“Sonuçta ilginç olan tek şey insanların seçtiği yollardır. Trajik olan tarafı ise, nereye gittiklerini ve kim olduklarını bildiklerinde bile, hâlâ her şeyin büyük bir sır olarak kalmasıdır”
Burjuva hayatını terk eden evli bir adam ve birlikte kaçtıkları sevgilisinin romantizm, gangsterler, terör örgütü, cinayet ve çılgın maceralarla dolu hikâyeleri.
Amerikalı gazeteci ve suç konulu romanları ile tanınan yazar Lionel White’ın 1962 tarihli “Obsession” adlı kitabından yola çıkan ve Rémo Forlani’nin de katkı sağladığı senaryosunu yazan Jean-Luc Godard’ın yönettiği bir Fransa ve İtalya yapımı. Venedik’te Altın Aslan için yarışan yapıt başrollerdeki Jean-Paul Belmondo ve Anna Karina’nın çarpıcı performansları; suç, gerilim ve romantizm temalarını hayli canlı ve hatta birkaç sahnesinde müzikale göz kırpan bir şekilde ele alması ve tam da Godard’dan bekleneceği gibi sanat (edebiyat, resim ve elbette sinema), hayat ve politikanın da aralarında olduğu farklı alanlarda gezinmesi ile çok ilginç bir çalışma. Godard ile arası çok da iyi olmayan sinemaseverlerin de en az bir kez görmesi gereken, Godard’ın özgün sinema dilinin damgasını bastığı ve sadece bu dilin stili ile bile kesinlikle ilgiyi hak eden bir film bu ve Raoul Coutard imzalı, Akdeniz’in yaz sıcaklığını özenle ve müthiş bir canlılıkla resmeden görüntüler gibi çok büyük bir kozu da var.

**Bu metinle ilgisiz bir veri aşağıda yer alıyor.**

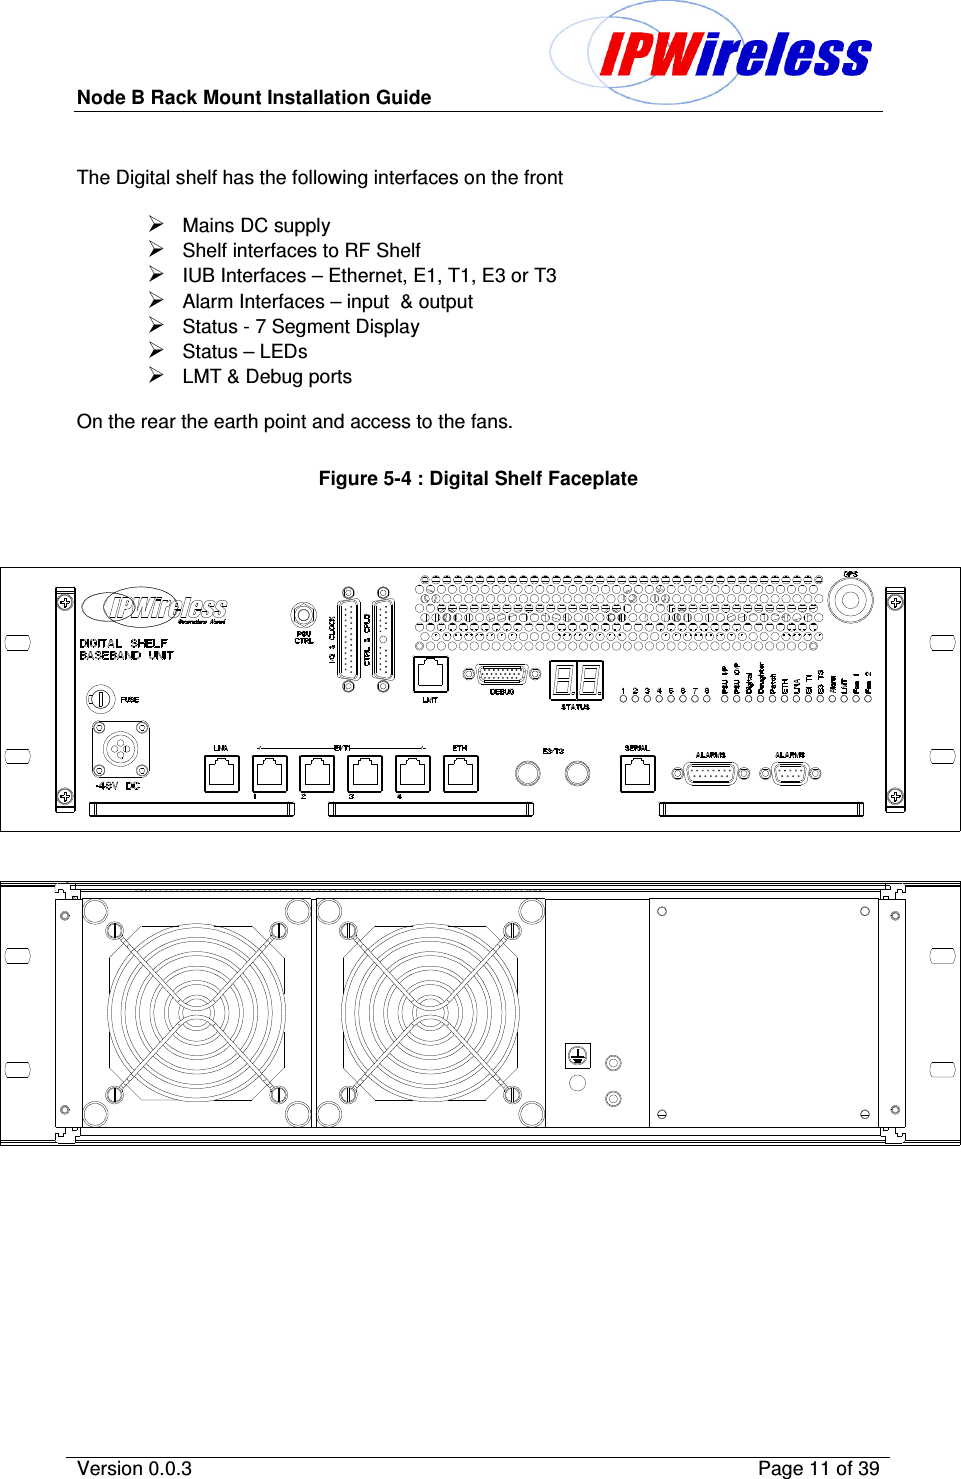 Node B Rack Mount Installation Guide                          Version 0.0.3    Page 11 of 39   The Digital shelf has the following interfaces on the front  Mains DC supply Shelf interfaces to RF Shelf IUB Interfaces – Ethernet, E1, T1, E3 or T3 Alarm Interfaces – input  &amp; output Status - 7 Segment Display Status – LEDs LMT &amp; Debug ports  On the rear the earth point and access to the fans.  Figure 5-4 : Digital Shelf Faceplate

Belçikalı sinemacı Chantal Akerman henüz 15 yaşındayken bir sinema salonunda izlemiş ve daha sonra bir röportajında, “Eğer bu filmi görmeseydim, asla sinemacı olmazdım” diyecek kadar sevmiş Godard’ın bu yapıtını ve kendi sanatı için hep bir ilham kaynağı olarak görmüş. Britanya Film Enstitüsü’nün yayımladığı “Sight and Sound” dergisinin on yılda bir eleştirmenler ve yönetmenlerle ayrı ayrı düzenlediği anketin şimdilik sonuncusu olan 2022 tarihlisinde Akerman’ın 1975 tarihli başyapıtı “Jeanne Dielman, 23 Quai du Commerce, 1080 Bruxelles” eleştirmenler tarafından tüm zamanların en iyi filmi seçilirken (yönetmenlerin anketinde ise 4. olmuş), ona ilham veren “Pierrot le Fou” 85. sırada yer almış. Pek çok romanı sinemaya uyarlanan Lionel White’ın doğrusal ve açık bir anlatımı olan romanını, yeniden yarattığı ve tamamen kendisine ait kıldığı bir öykü ile beyazperdeye taşıyan Godard’ın bu filmi gerçekten de sinemanın büyülü bir sanat olabileceğini gösteren ve bu bağlamda Akerman’ı sinemacılığa teşvik etmesi rahatlıkla anlaşılabilir olan bir çalışma.
Filmdeki pek çok sanat ve sanatçı göndermesinden ilki ile açılıyor film: Tenis oynayan iki kadın ve alışveriş yapan bir erkeğin görüntüsünün üzerinde duyulan bir erkek sesi bir kitaptan (Fransız sanat tarihçisi Élie Faure’ün 1919 -21 arasında 5 cilt olarak yayımlanan “Histoire de l’art” adlı eserinin 4. cildi olan “L’Art Moderne I”dan İspanyol ressam Velázquez üzerine bir metin okuyor. Bu ses ağzında sigarası ile küvetinde uzanmış kitap okuyan Ferdinand’a (Jean-Paul Belmondo) aittir ve gidecekleri bir davet için kendisini gecikmemesi konusunda uyaran eşinin bu isteğine pek de gönüllü bir evet demez. Davet kadının ebeveynlerinin evindedir; babası adamı üst düzey bir yönetici ile tanıştıracaktır ve önerilebilecek işi de kabul etmesini ister kocasından. Oysa Ferdinand içinde bulunduğu burjuva hayatından çok sıkılmıştır ve o gece davet sırasında çocuklara bakıcılık yapmak üzere eve gelen ve sonradan öğreneceğimiz üzere, beş yıl önceden tanışıp muhtemelen bir ilişki yaşadığı Marianne (Anna Karina) ile kaçacak ve o sıkıldığı dünyayı terk edecektir. Bundan sonrası ise teröristlerin de karışacağı bir suç ve romantizm öyküsü olacak ve Godard bir kez daha kendine has bir dünya yaratarak, bizi eğlenceli, zaman zaman komik, hatta trajikomik ve gerilimli bir hikâye ile baş başa bırakacaktır.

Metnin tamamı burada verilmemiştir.